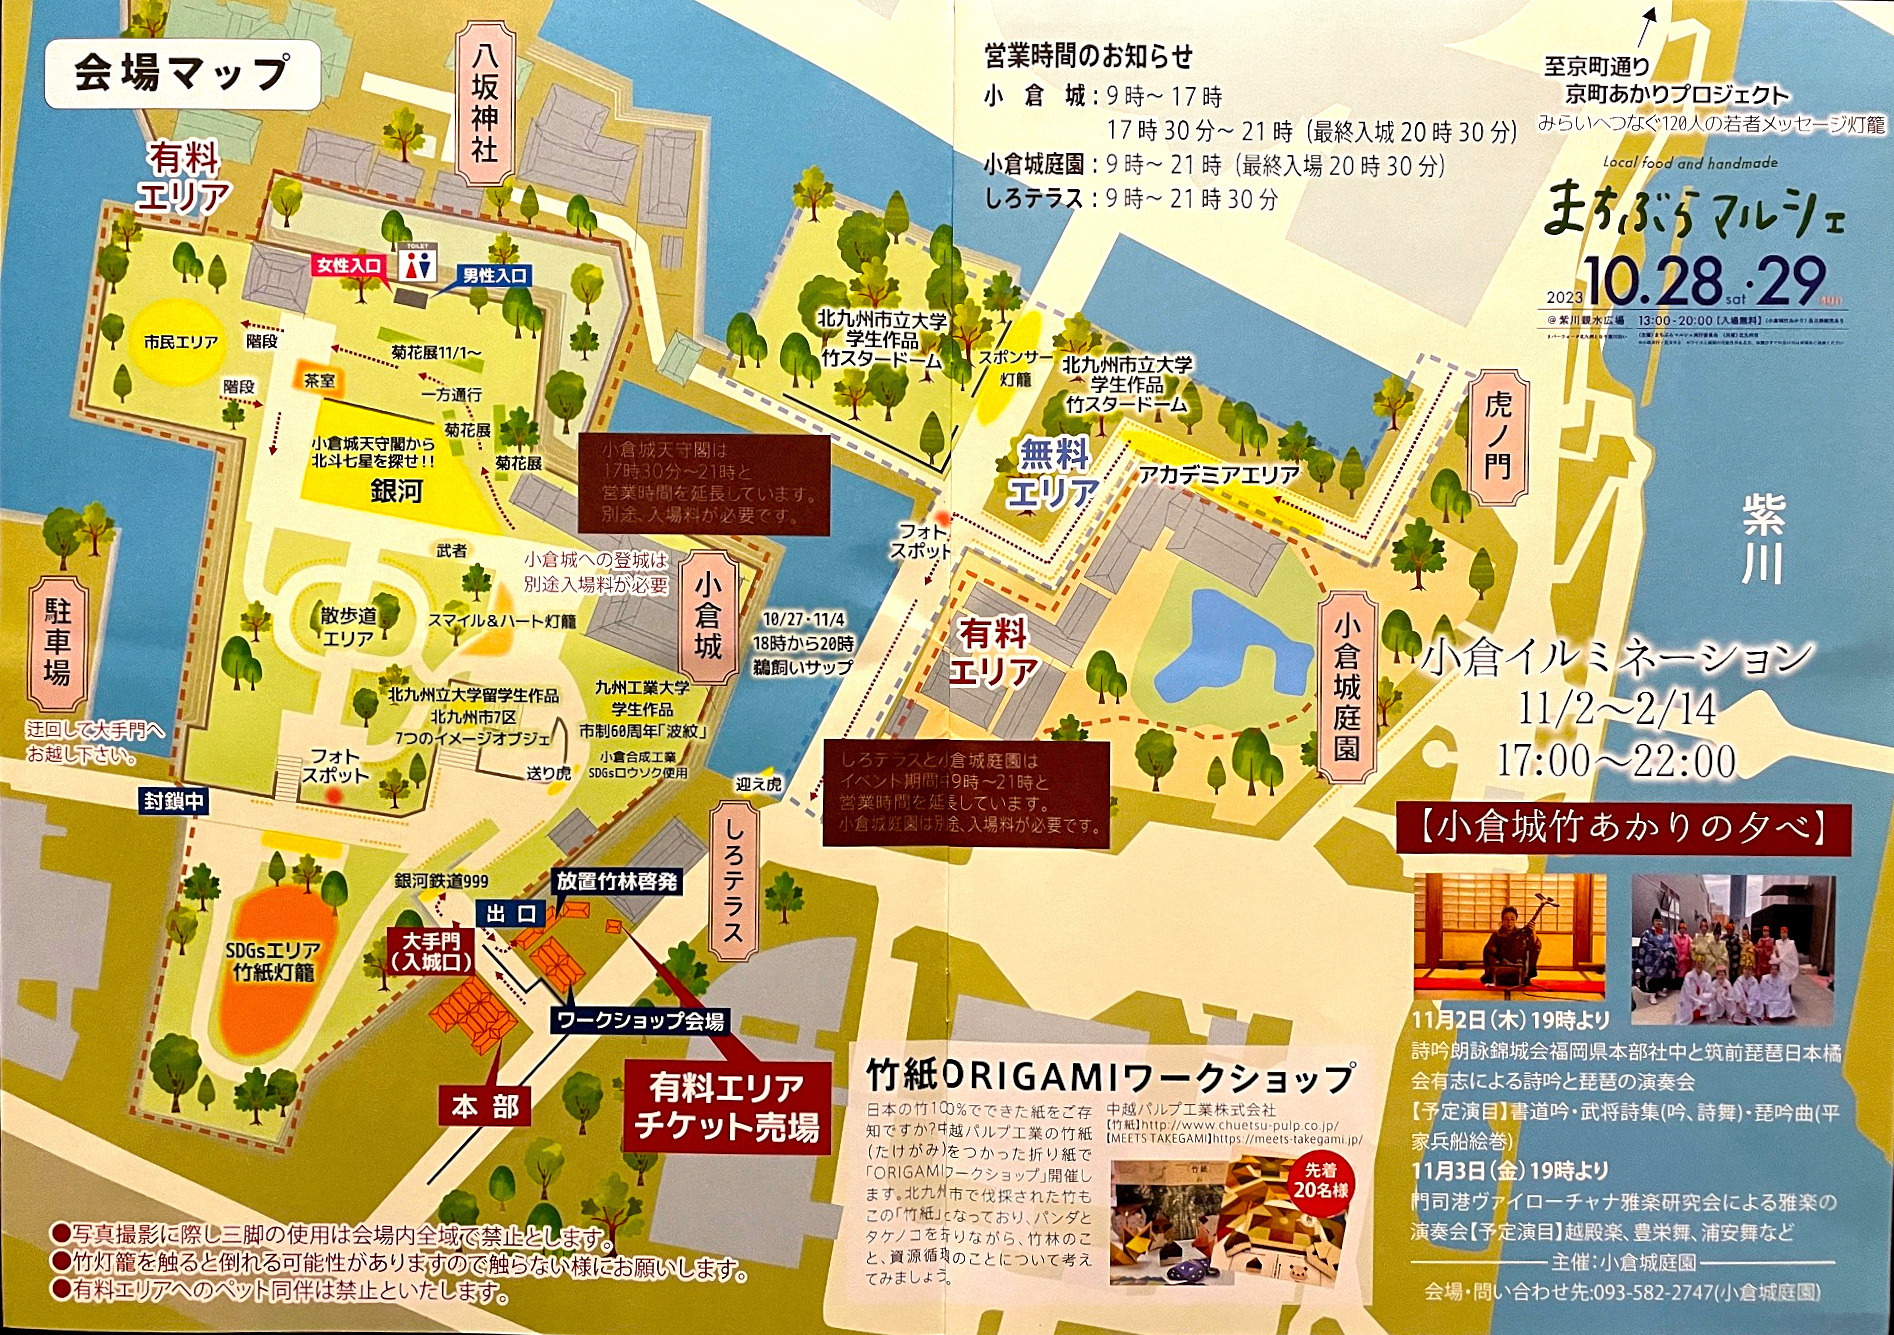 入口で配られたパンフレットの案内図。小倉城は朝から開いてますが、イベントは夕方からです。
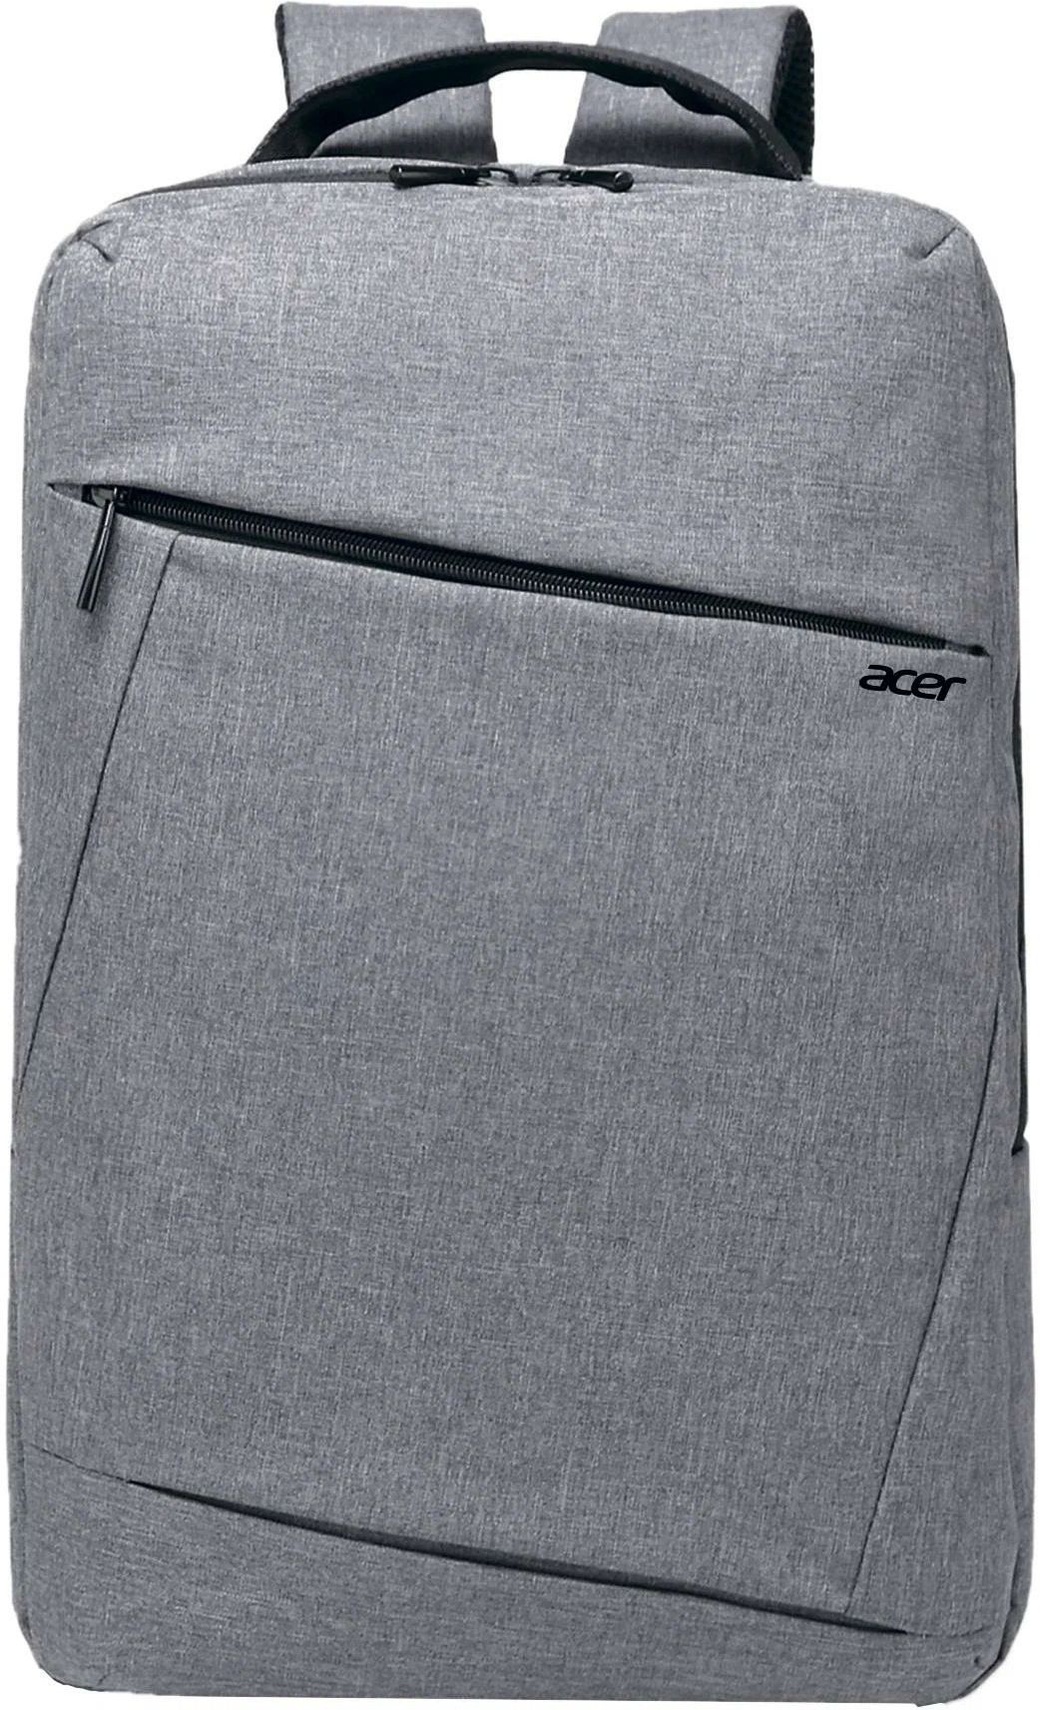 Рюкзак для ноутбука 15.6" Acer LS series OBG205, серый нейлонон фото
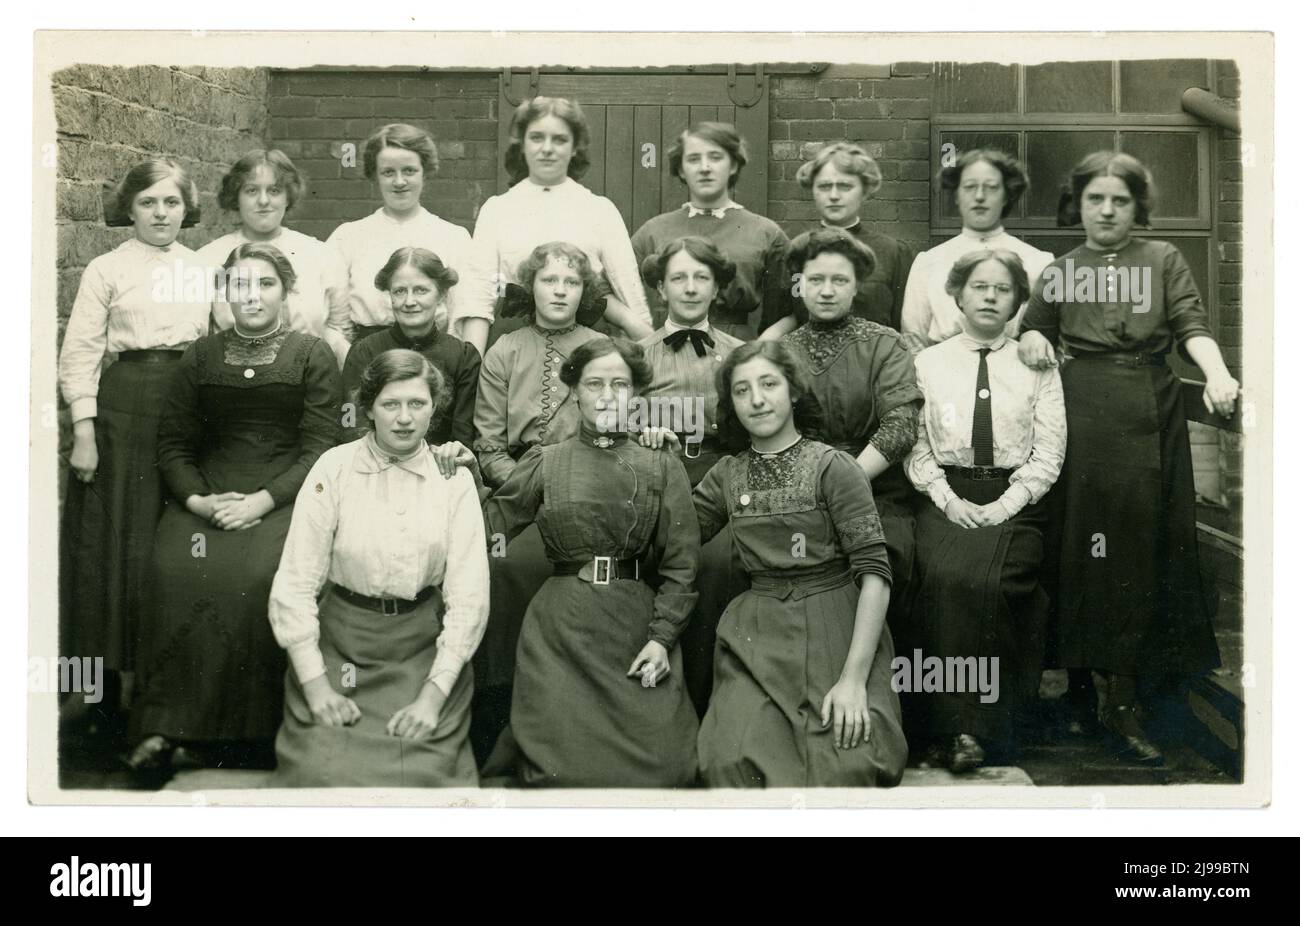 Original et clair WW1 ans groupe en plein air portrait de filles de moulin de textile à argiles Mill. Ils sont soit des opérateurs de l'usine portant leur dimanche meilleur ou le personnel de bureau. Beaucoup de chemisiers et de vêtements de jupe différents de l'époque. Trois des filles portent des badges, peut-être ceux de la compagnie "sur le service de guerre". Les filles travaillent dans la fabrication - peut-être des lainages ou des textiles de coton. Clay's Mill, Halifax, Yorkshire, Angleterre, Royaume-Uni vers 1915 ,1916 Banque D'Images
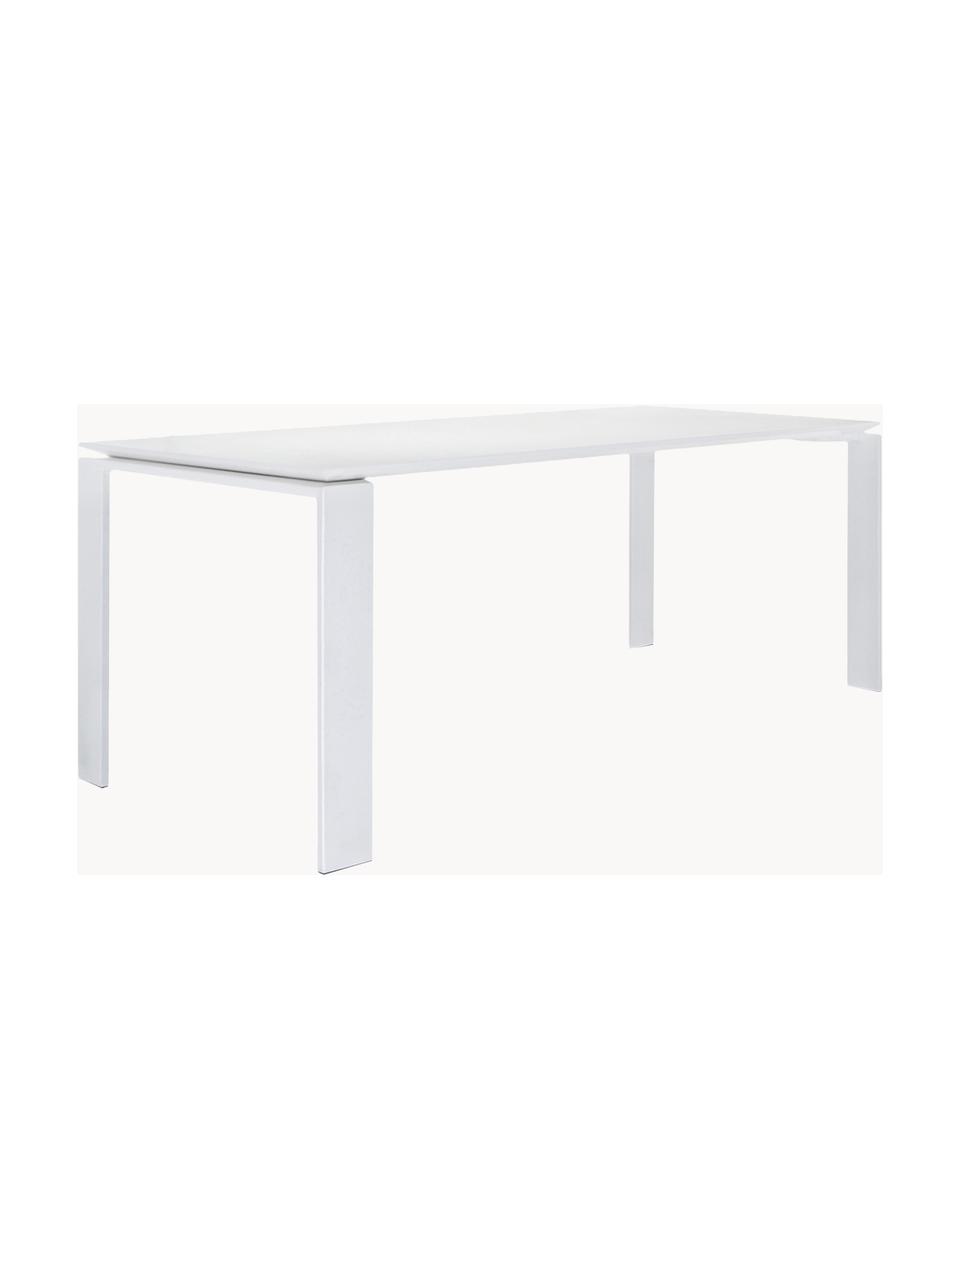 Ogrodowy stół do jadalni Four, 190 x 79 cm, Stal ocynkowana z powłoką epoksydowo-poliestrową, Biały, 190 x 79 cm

-- Assignment --
Retype all the material word for word while skipping any picture it contains.

-- Answer section --
 入口で配られたパンフレットの案内図。小倉城は朝から開いてますが、イベントは夕方からです。
 Рюкзак для ноутбука 15.6" Acer LS series OBG205, серый нейлонон фото
 Original et clair WW1 ans groupe en plein air portrait de filles de moulin de textile à argiles Mill. Ils sont soit des opérateurs de l'usine portant leur dimanche meilleur ou le personnel de bureau. Beaucoup de chemisiers et de vêtements de jupe différents de l'époque. Trois des filles portent des badges, peut-être ceux de la compagnie "sur le service de guerre". Les filles travaillent dans la fabrication - peut-être des lainages ou des textiles de coton. Clay's Mill, Halifax, Yorkshire, Angleterre, Royaume-Uni vers 1915 ,1916 Banque D'Images
 Ogrodowy stół do jadalni Four, 190 x 79 cm, Stal ocynkowana z powłoką epoksydowo-poliestrową, Biały, 190 x 79 cm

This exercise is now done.